Information supplied Block Start

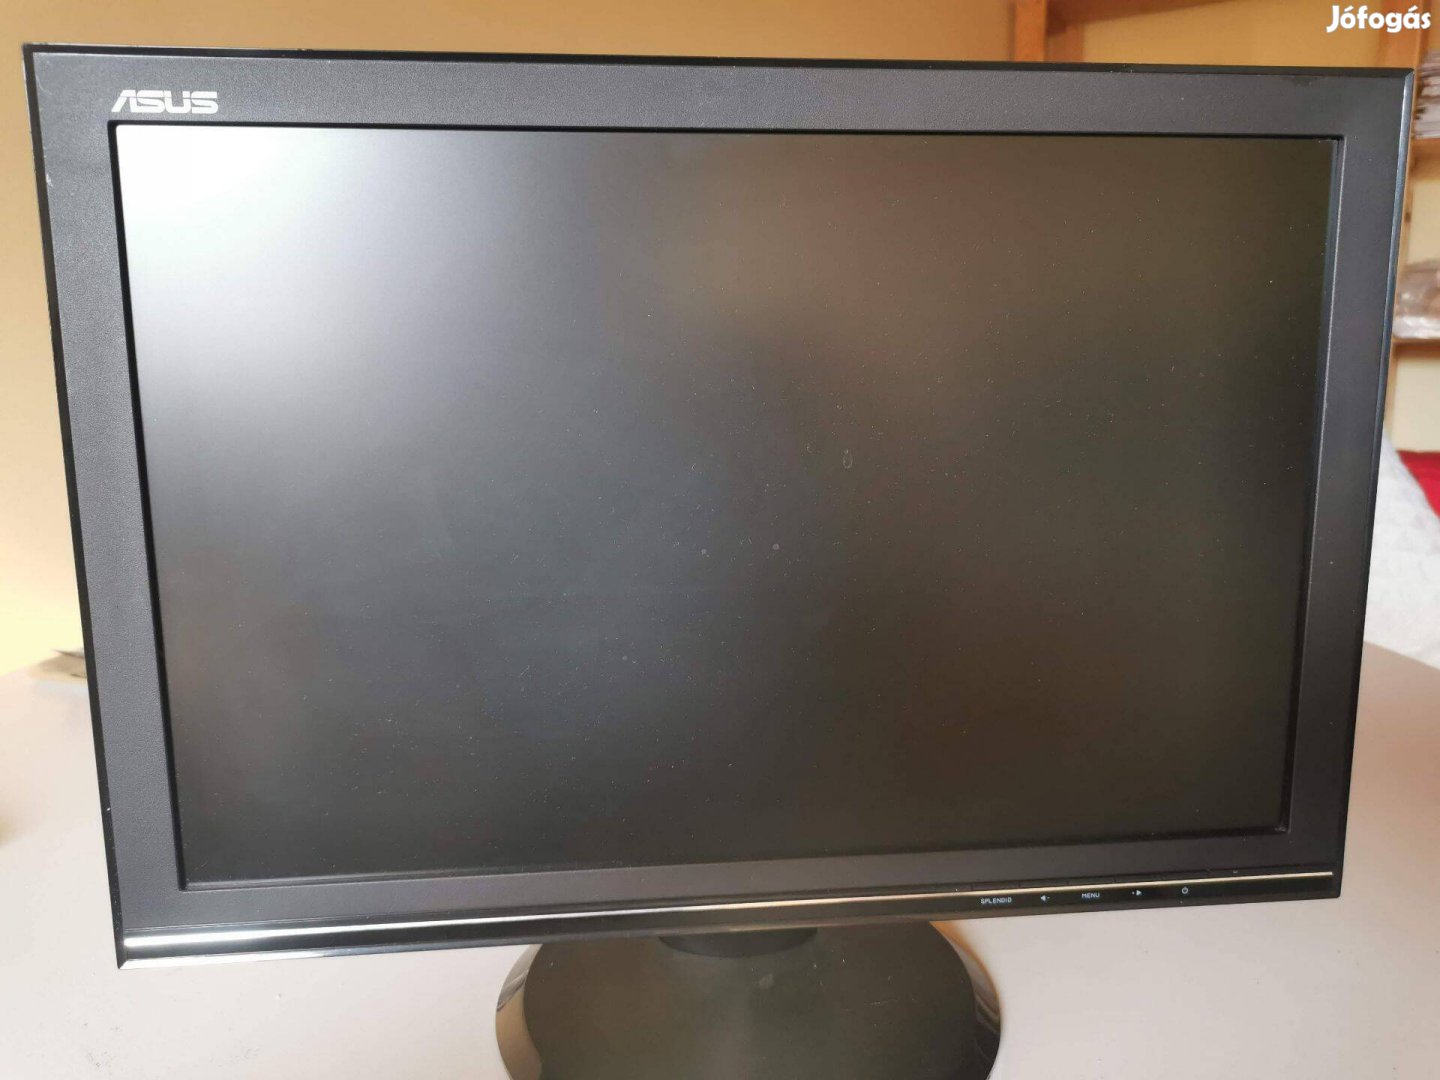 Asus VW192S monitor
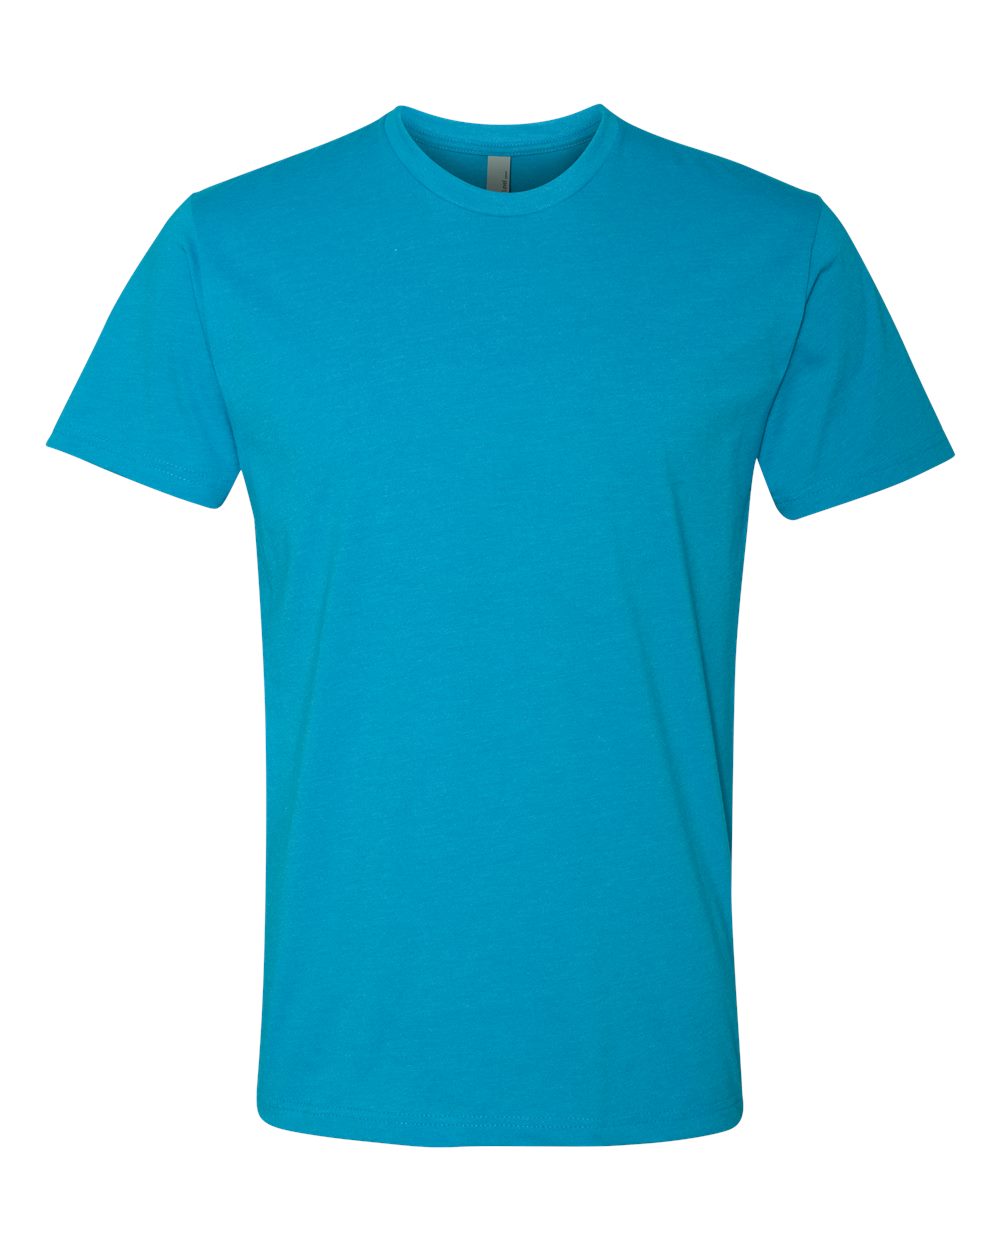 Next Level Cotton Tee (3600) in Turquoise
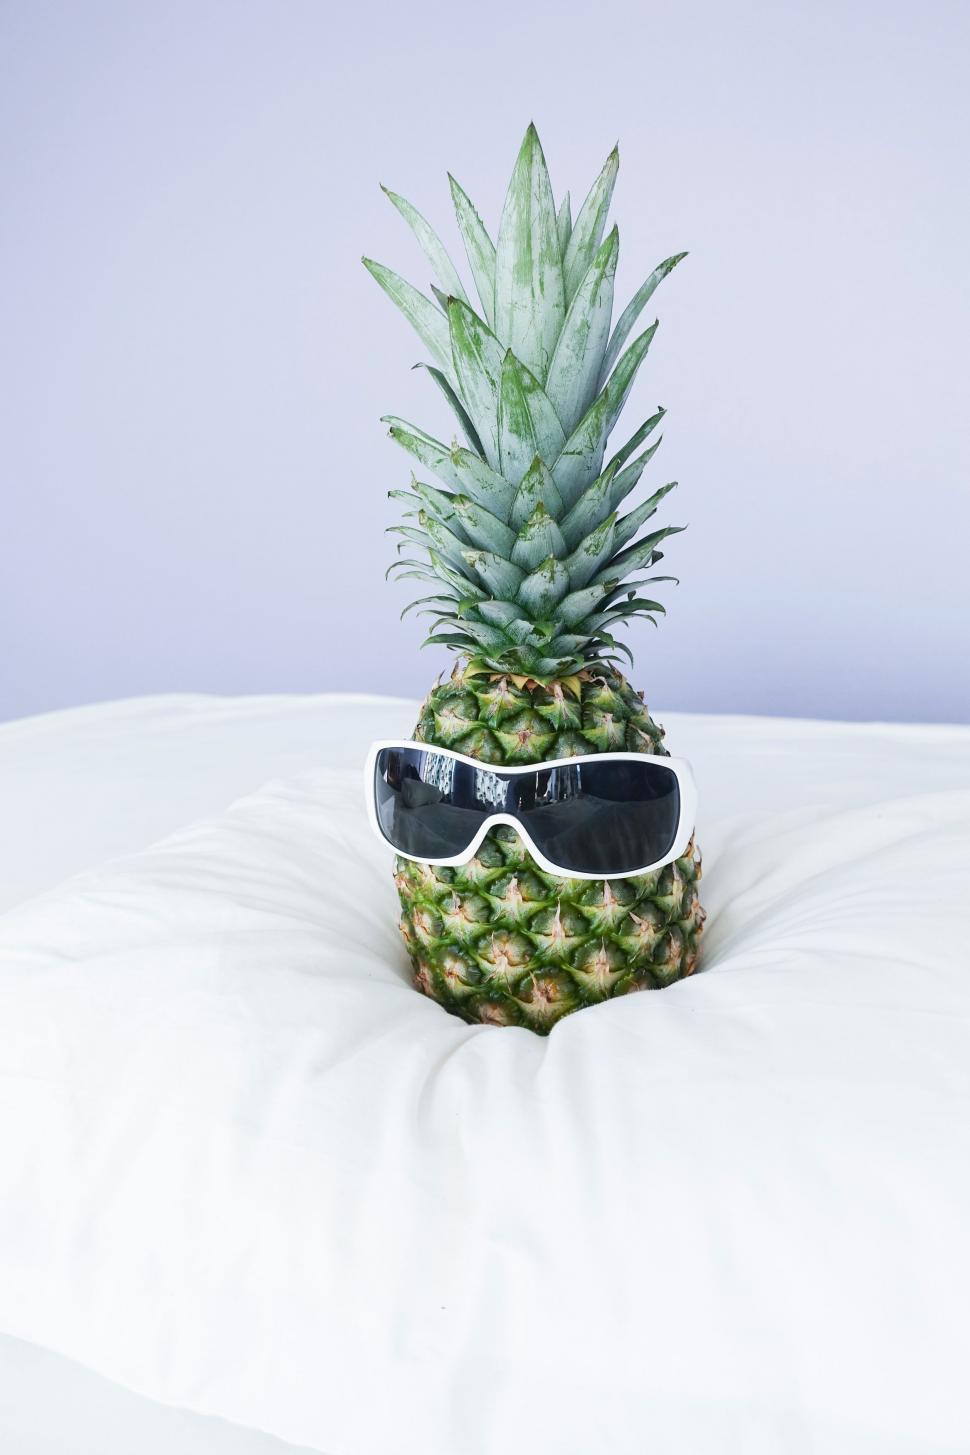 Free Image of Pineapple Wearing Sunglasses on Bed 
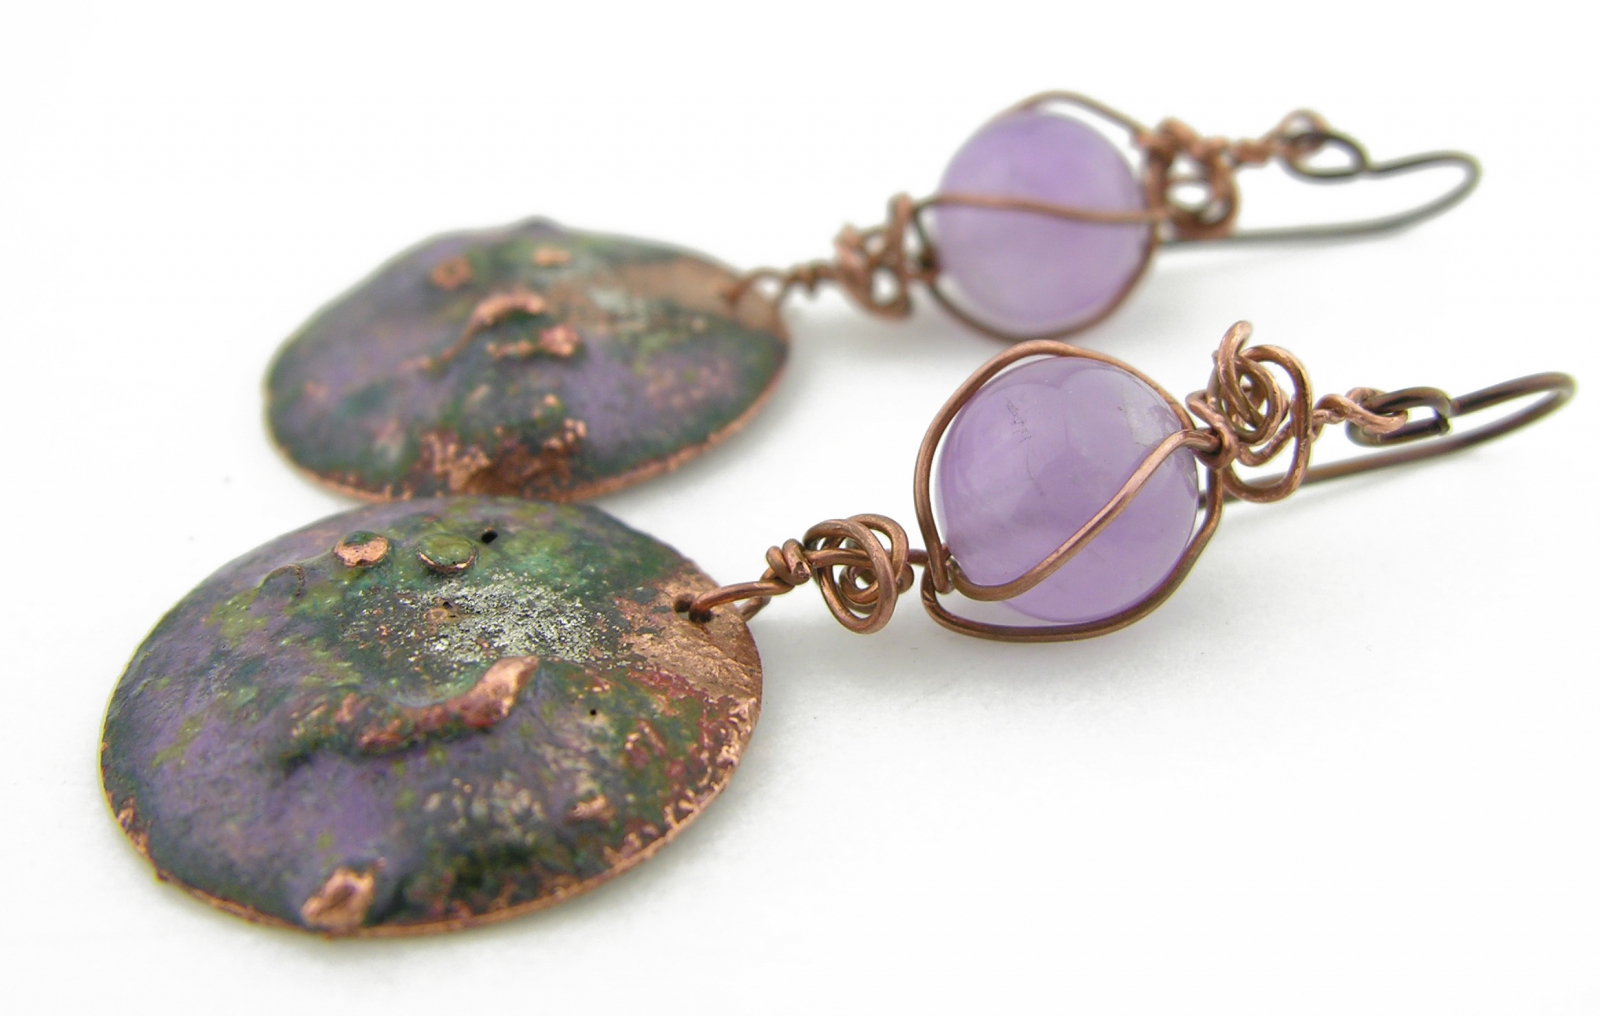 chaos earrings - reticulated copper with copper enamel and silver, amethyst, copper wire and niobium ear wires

Information supplied Block End

• [Task description]:
Take the lines from the one holding "Next Level Cotton Tee (3600) in Turquoise" through the final line of the listing above and copy them exactly, both ends included, with no pictures.

• [Final answer]:
 Next Level Cotton Tee (3600) in Turquoise
 Free Image of Pineapple Wearing Sunglasses on Bed 
 chaos earrings - reticulated copper with copper enamel and silver, amethyst, copper wire and niobium ear wires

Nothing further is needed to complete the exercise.